Hobart — 0.4% to 0.5% (+10 bps, +19 dwellings). Hobart's move is small in absolute terms — only 19 additional vacant dwellings — but represents a 25% increase in available stock from a tiny base. The market remains extremely tight; the easing is from "almost impossible to find a rental" to "very difficult to find a rental."
The three cities still tightening
Darwin — 0.4% to 0.3% (–10 bps, 75 vacant dwellings total). Darwin remains the tightest rental market in the country, and it tightened further in April. Just 75 vacant dwellings exist in the entire city under SQM's three-week methodology. That is statistically remarkable: Darwin's total dwelling stock runs into the tens of thousands, and only 75 of them are sitting empty. Drivers are resources-cycle (Inpex Ichthys LNG, mining services) and defence (Larrakeyah, Robertson Barracks, US Marine rotation), combined with a near-complete absence of new build-to-rent supply.

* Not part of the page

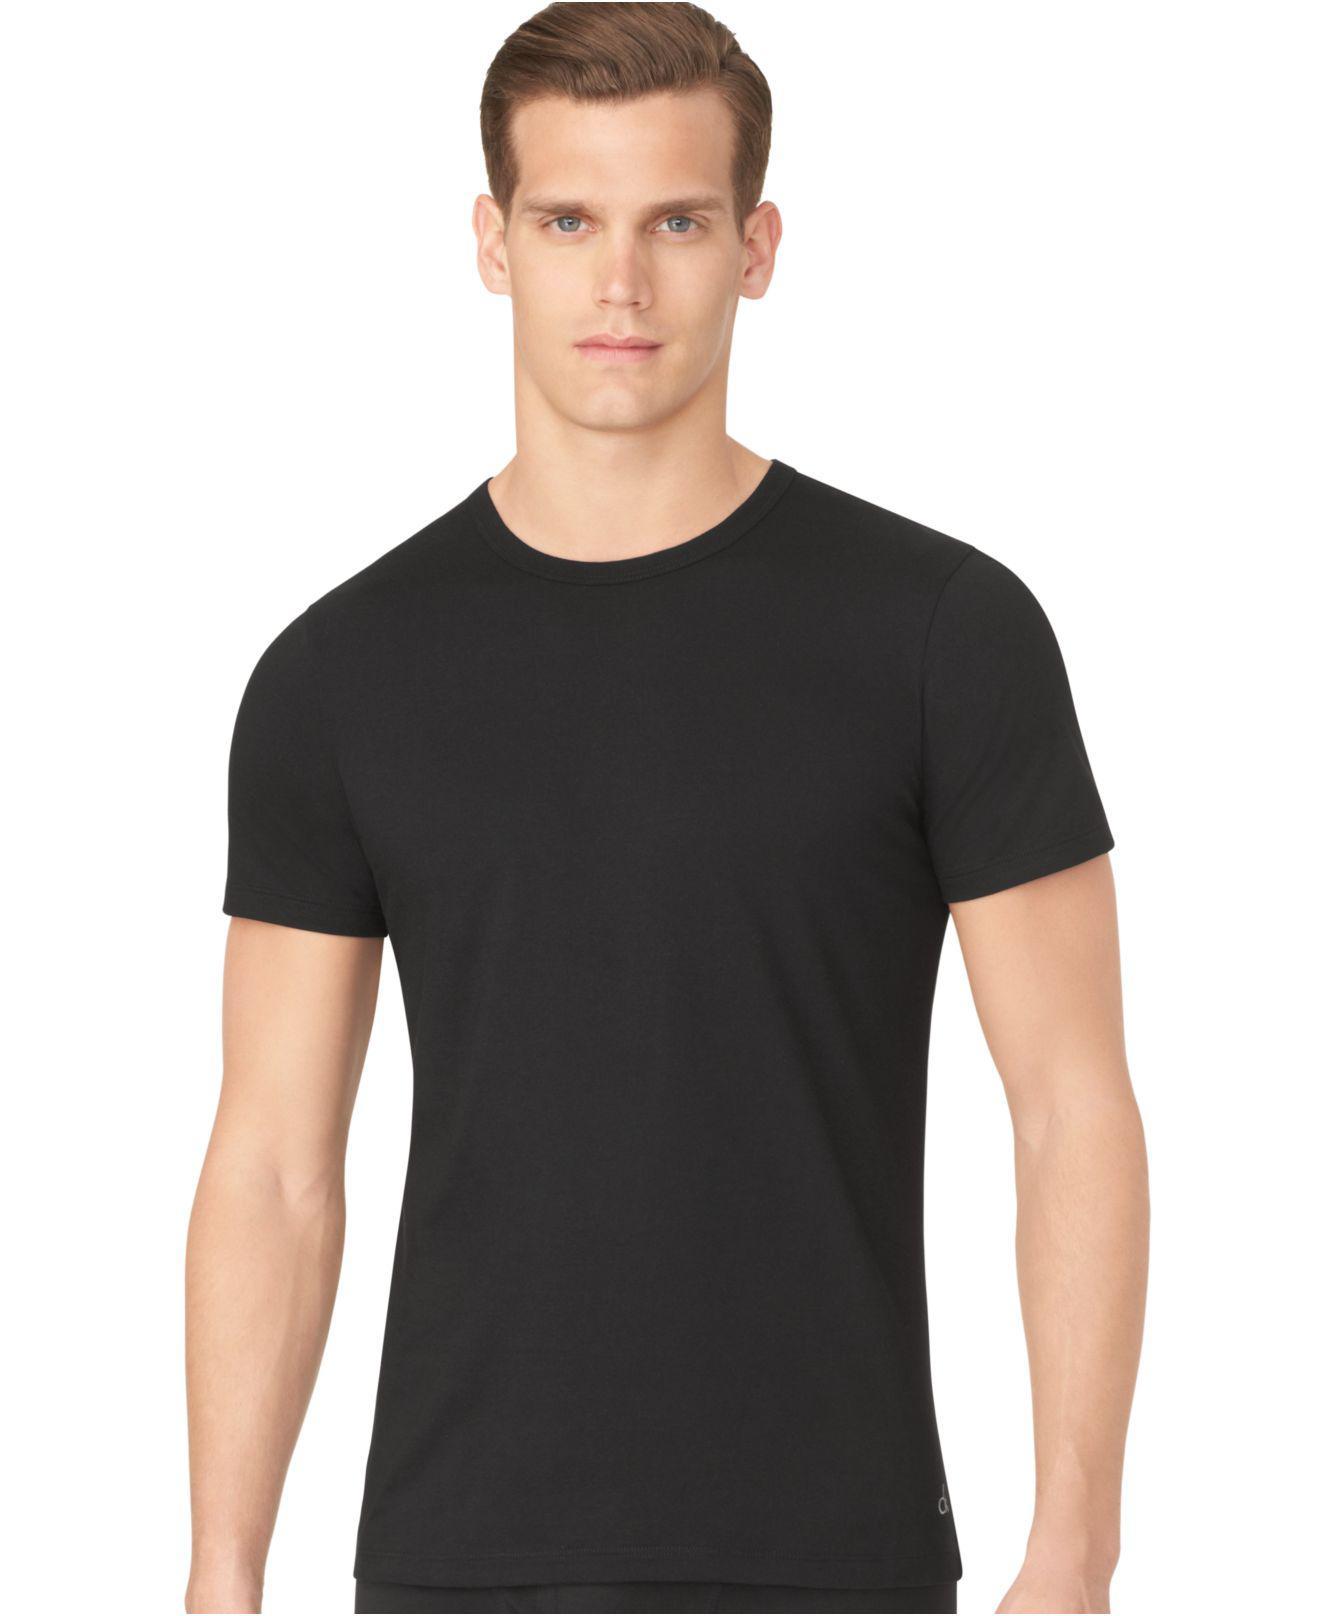 Discounts Cheap Price Sale Best Wholesale Mens Cotton Baseball T-Shirt CALVIN KLEIN 205W39NYC 100% Authentic Online UOU3U9002

Adelaide — 0.7% flat (vacancies edged up modestly). Adelaide's headline rate held at 0.7%, but the underlying vacancy count drifted from 1,071 to 1,117 — 46 additional dwellings. Functionally still extreme tightness, but the directional drift mirrors what we saw in Brisbane. Defence (ASC submarine program, Edinburgh RAAF base) and manufacturing demand are holding the floor under rental demand even as some additional supply comes online.
Brisbane — 0.8% flat (vacancies edged up modestly). Brisbane is the most interesting tight market. Vacancy held at 0.8% on the headline, but the dwelling count moved from 2,662 to 2,900 — 238 additional vacant dwellings. The market is technically still in the same vacancy band, but the underlying loosening is detectable. Olympic infrastructure preparation, interstate migration from Sydney and Melbourne, and the strongest unit completion pipeline in the country are all pulling in different directions.
The cities in the middle
Melbourne — 1.4% to 1.5% (+10 bps, +530 dwellings). Melbourne has the highest vacancy rate of the eight capitals, and it ticked up another 10 basis points in April. Inner-city unit oversupply from the 2022–2023 build pipeline is still working through. Outer-suburban houses remain tight, but the headline national figure reflects the inner-city softness. Investor appetite for Melbourne new builds will be a leading indicator for what direction the Melbourne rate moves over the next 6 months.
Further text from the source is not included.